Kevin Crossley-Holland
Clare Cottage, Burnham Market, Norfolk PE31 8HE
STARS
Dear Editor
I read with interest the letter from Philip Pullman about the word ‘sad’ (BfK No. 129, ‘SAD’ STARS) and your reply. I had always assumed that ‘sad’ was being used in its more traditional sense of ‘causing sorrow’, for it is a shame when a book for children that has been through the hands of so many adults on the way to publication, still manages not to turn out well. I find ‘poor’ harsher.
I don’t know who has the final say in the awarding of stars, but I have certainly found them invaluable when choosing books for children. For this alone I would rate BfK ‘Unmissable’ and give it five stars!
Cynthia Dummett
3 Begonia Close, Kempshott, Basingstoke, Hampshire RG22 5RA
‘RELUCTANT’ 25-YEAR-OLD
Dear Editor
As a teenager, reading books was never on my 25-year-old brother’s list of things to do. And sadly, he had not read a book since leaving school.

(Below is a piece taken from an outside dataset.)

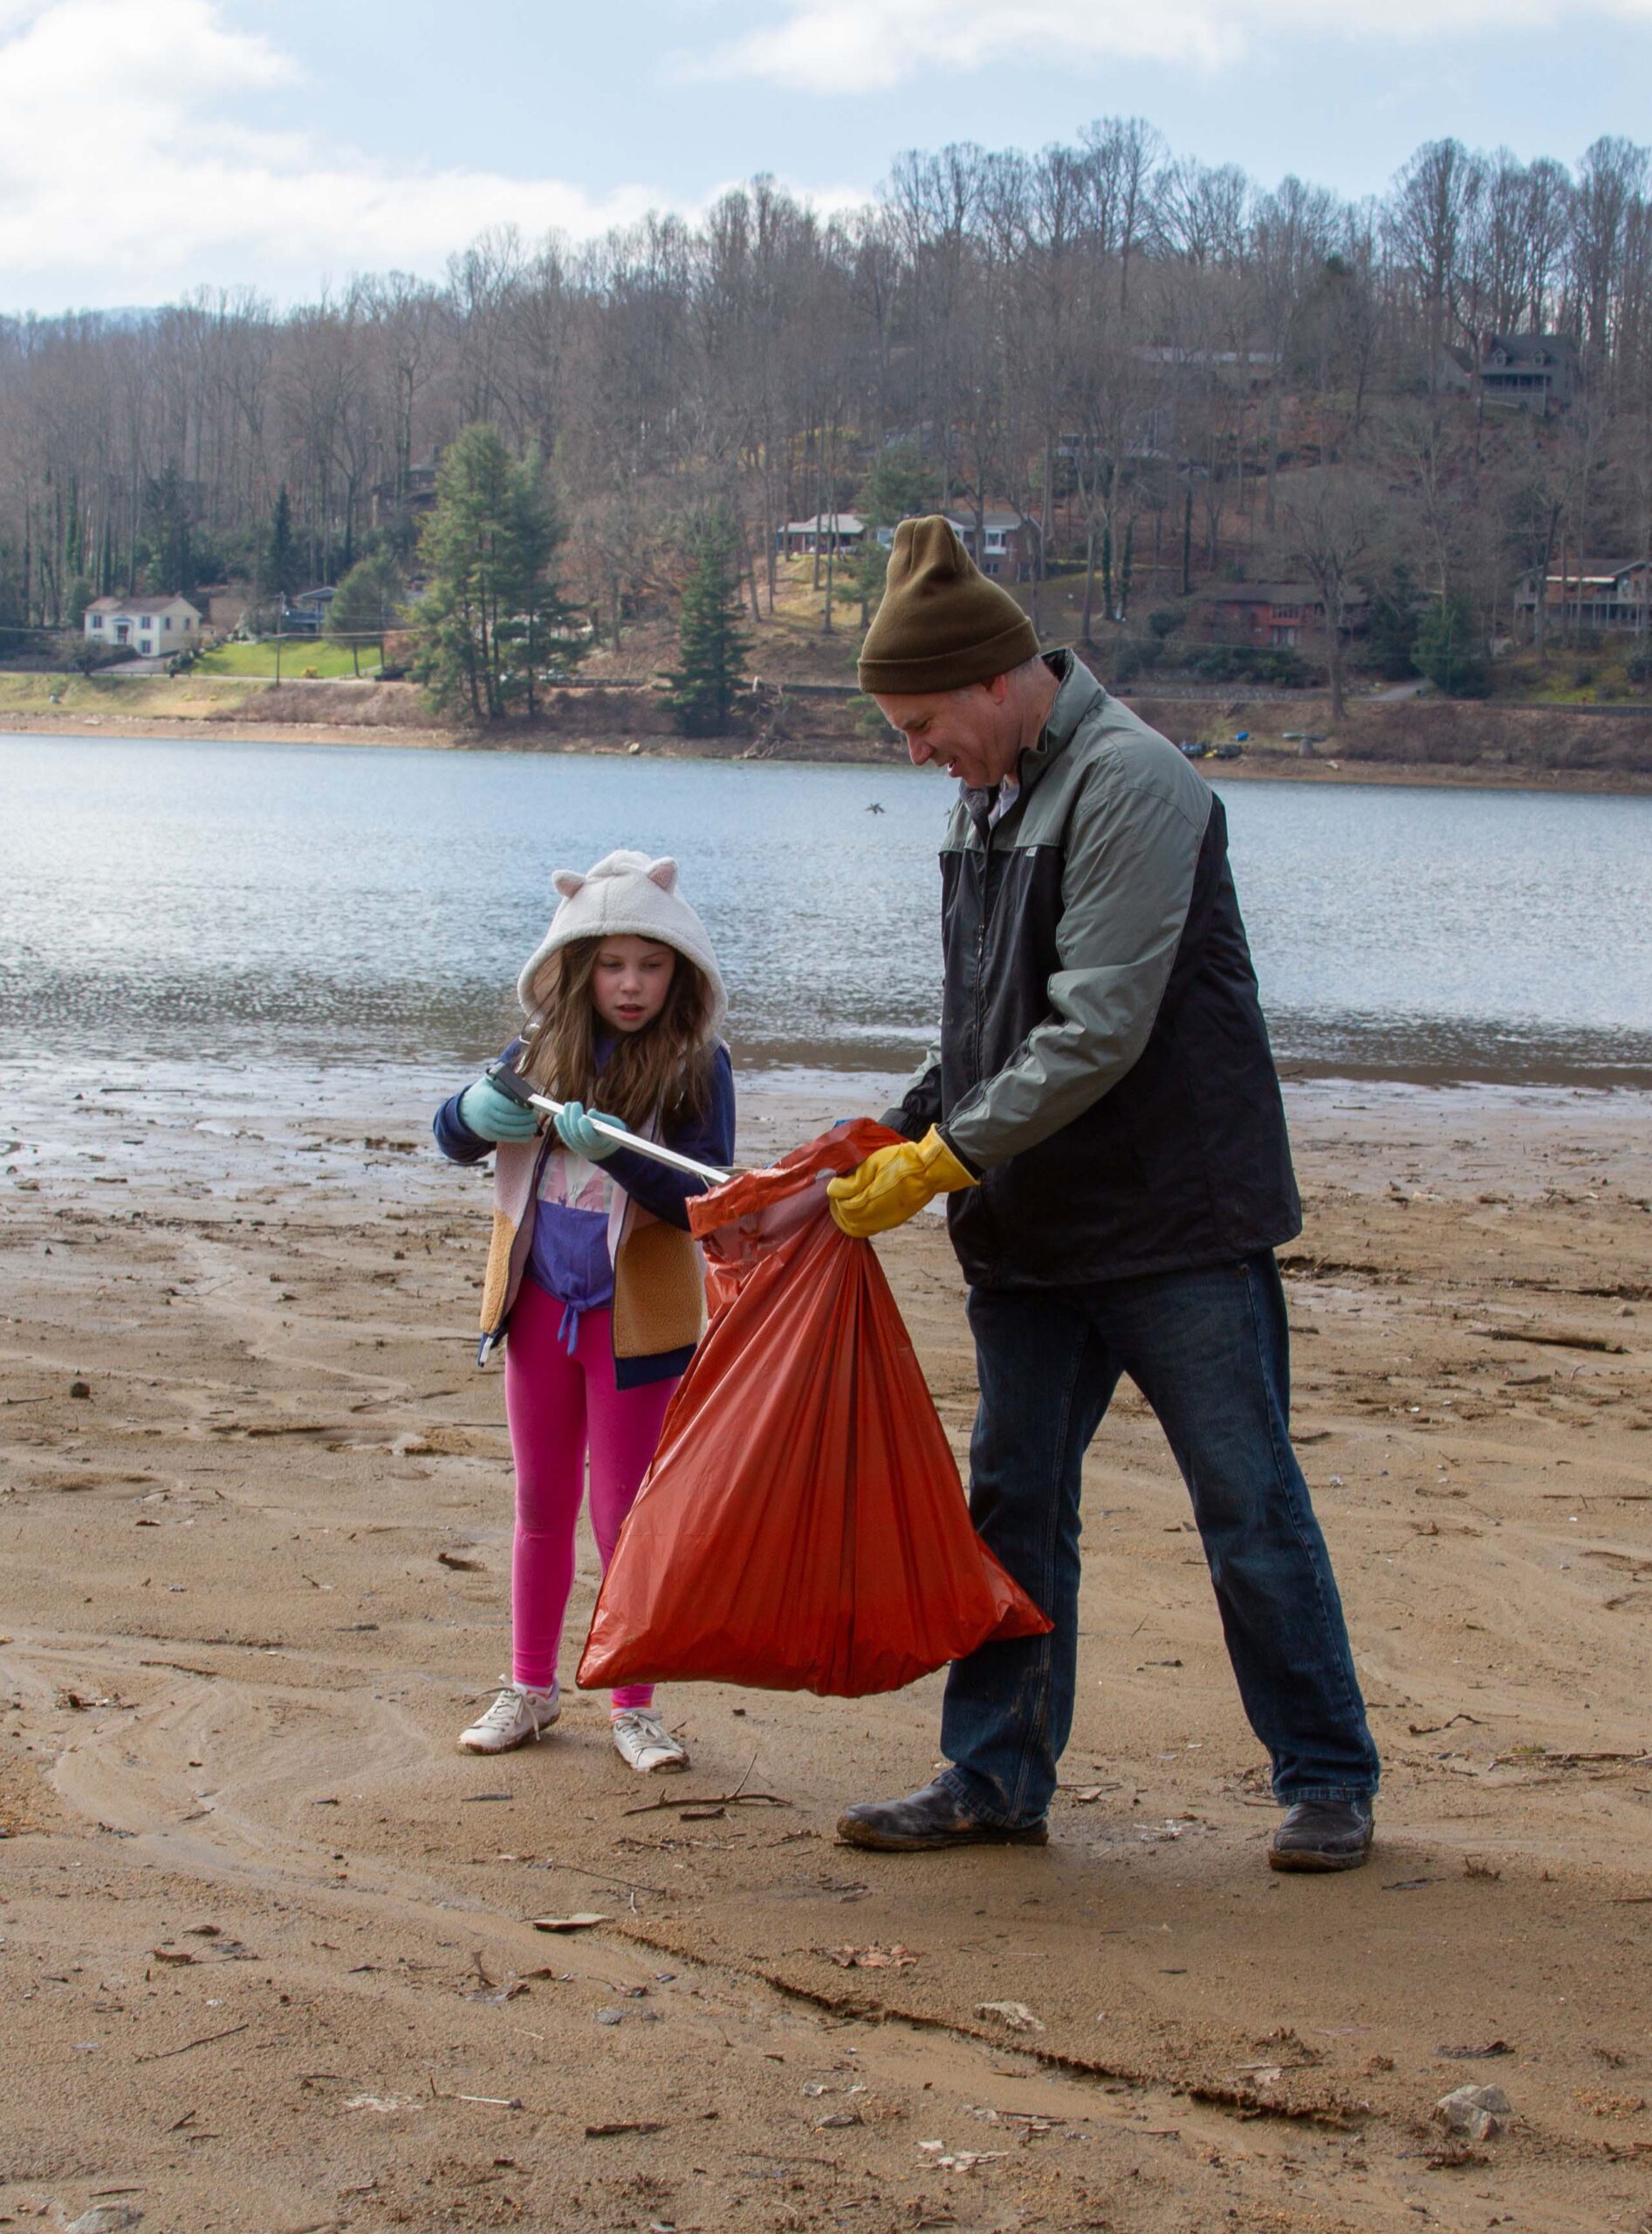 Lake clean up day volunteers pick up debris along the shoreline

But after a recent accident left him unable to work for a month, I gave him Harry Potter and the Philosopher’s Stone. Seeing the size of the book, he complained that it would probably take him a whole year to read. But in fact, he read it in five days Then promptly phoned me asking for the next Harry Potter book – ASAP. Within another week he was onto the third book and is currently telling all his friends about Harry. So, thank you, J.K. Rowling. And long reign Harry Potter!
Tania Cox
PO Box 972, Ayr, Queensland 4807, Australia
THE BRITISH COUNCIL
Dear Editor
Supporting your congratulations (BfK No. 128) to Grace Kempster, newly-appointed Director of Information Services Management with the British Council, it is a sad loss to ‘children’s library services in the UK’ but not necessarily of the UK. Given the high quality of British children’s books – something my students in a shadowing group for the LA Carnegie and Kate Greenaway Awards know only too well – the British Council may have a role in presenting the best of current children’s literature and librarianship at the various centres (some of which include libraries) around the world. Although local factors apply so that this role is not always prioritised, it is hoped that such ‘showcasing’ may occur more often than not, especially given the Council’s developing role in English language teaching – quality material with which English language skills may be used, as it were. Certainly, such support is helpful to those of us promoting quality English-language children’s books in other countries.